Na verdade, consta que Sintatra não gostava muito da música. Sempre disse que não era autobiográfica: “Não foi escrita pra mim (na verdade, como Anka disse, foi escrita pensando em Sinatra, mesmo)… As considerações, são do letrista, não minhas” 

Essa tornou-se a canção de assinatura de Frank Sinatra, mas não gostava muito dela. Já disse, em alguns shows, meio brincando, meio sério, que “detestava essa música” . Em seus últimos anos, ele descreveu a música como “um sucesso pop de Paul Anka que se tornou uma espécie de hino nacional“. Em uma entrevista de 2000 com o show da BBC Hardtalk, a filha de Sinatra, Tina, disse: Ele sempre pensou que a canção era egoísta e auto-indulgente. Ele não gostou. Essa música ficou presa a ele, que não conseguiu livrar-se dela (That song stuck and he couldn’t get it off his shoe.)

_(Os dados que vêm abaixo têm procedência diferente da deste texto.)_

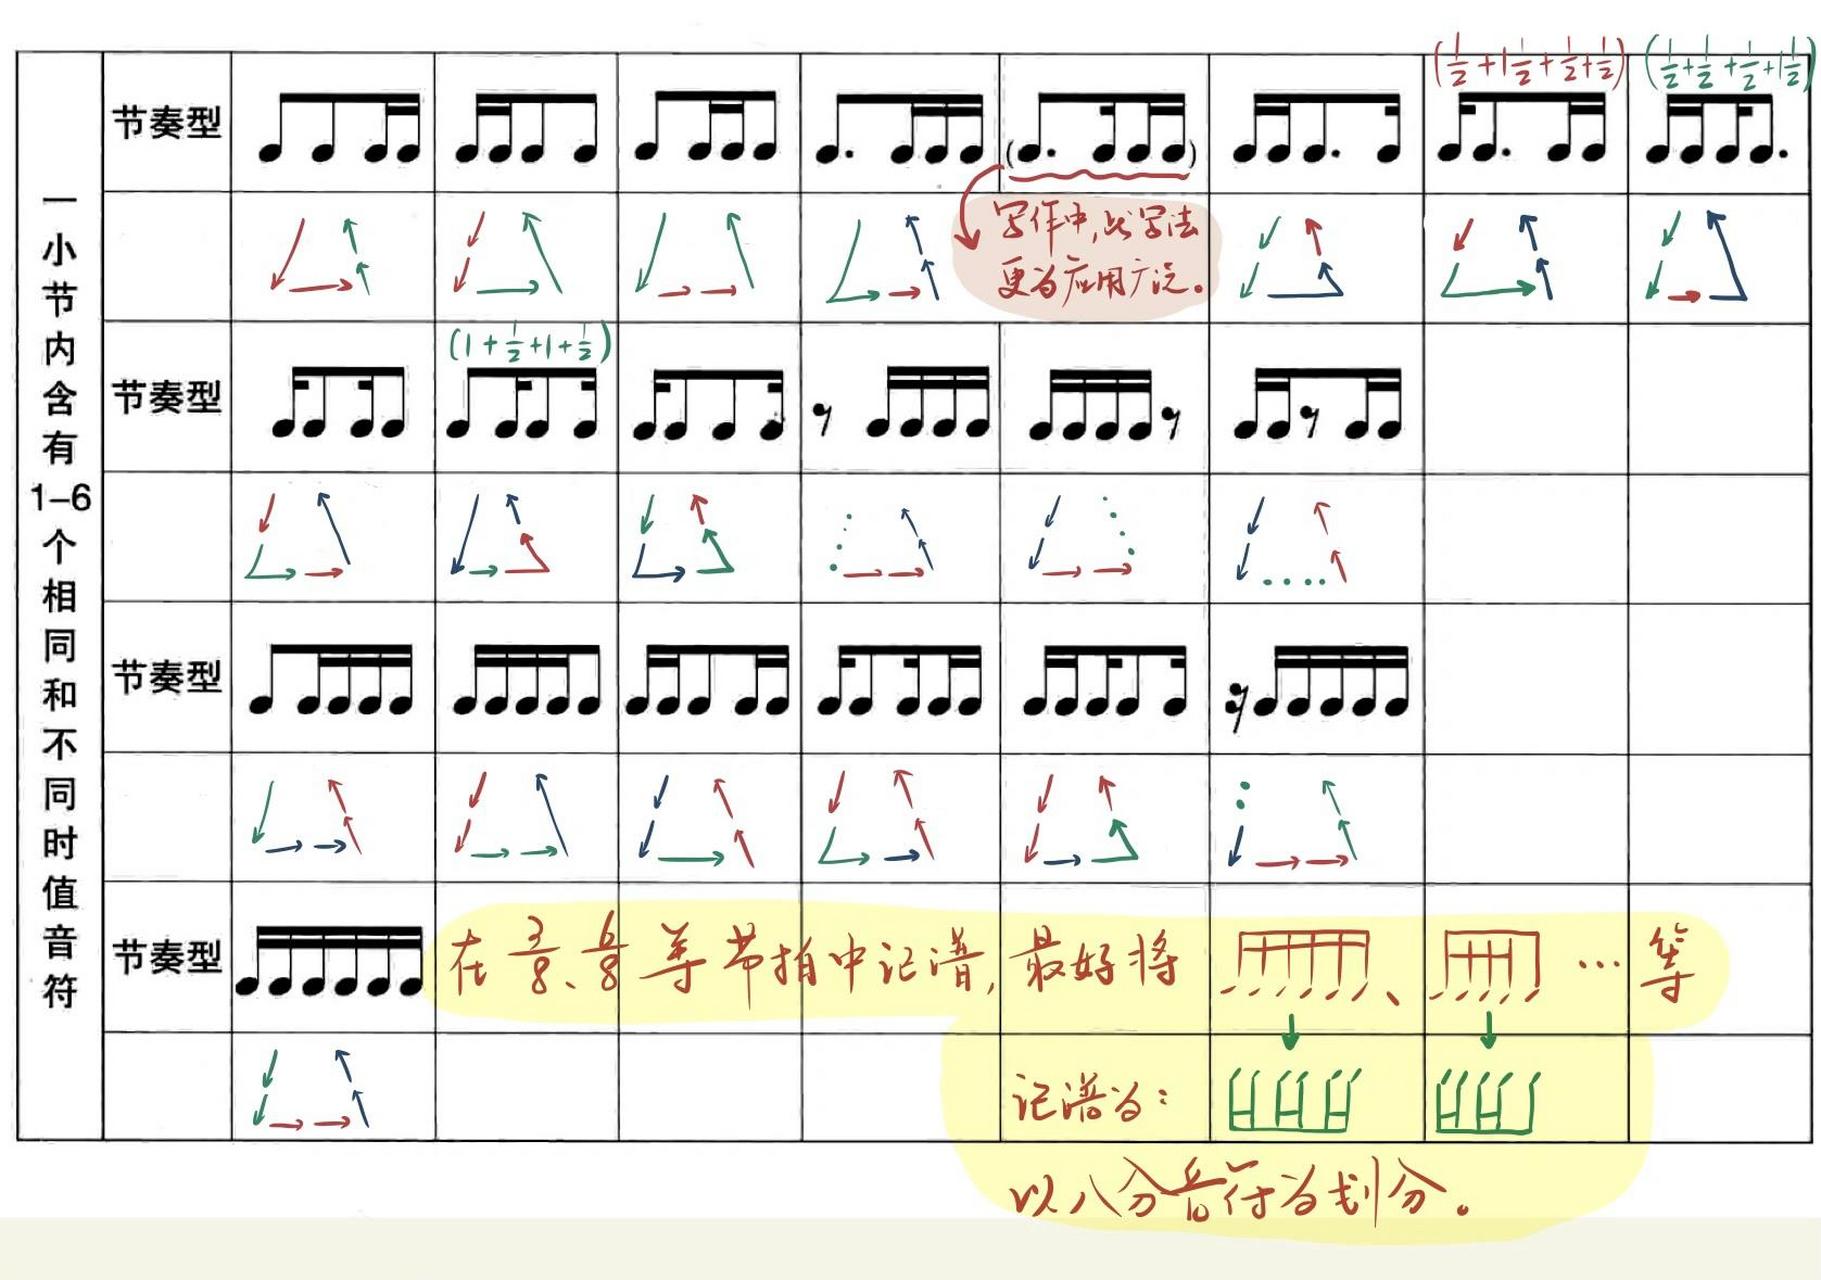 接上一篇笔记,91本篇笔记为大家标注了每种节奏型所占的数值和图示

Nos anos 70, conforme relata Renzo Mora no livro que escreveu sobre Sinatra, que ele apontou as razões pelas quais não gostava de “My Way”:

“Eu sei que é um grande sucesso, e eu adoro ter grandes sucessos, mas cada vez que tenho de cantar essa música eu ranjo os dentes, porque, não importa a imagem que tenham de mim, eu odeio me gabar em cima dos outros. Eu odeio falta de modéstia, e é assim que eu me sinto com essa música”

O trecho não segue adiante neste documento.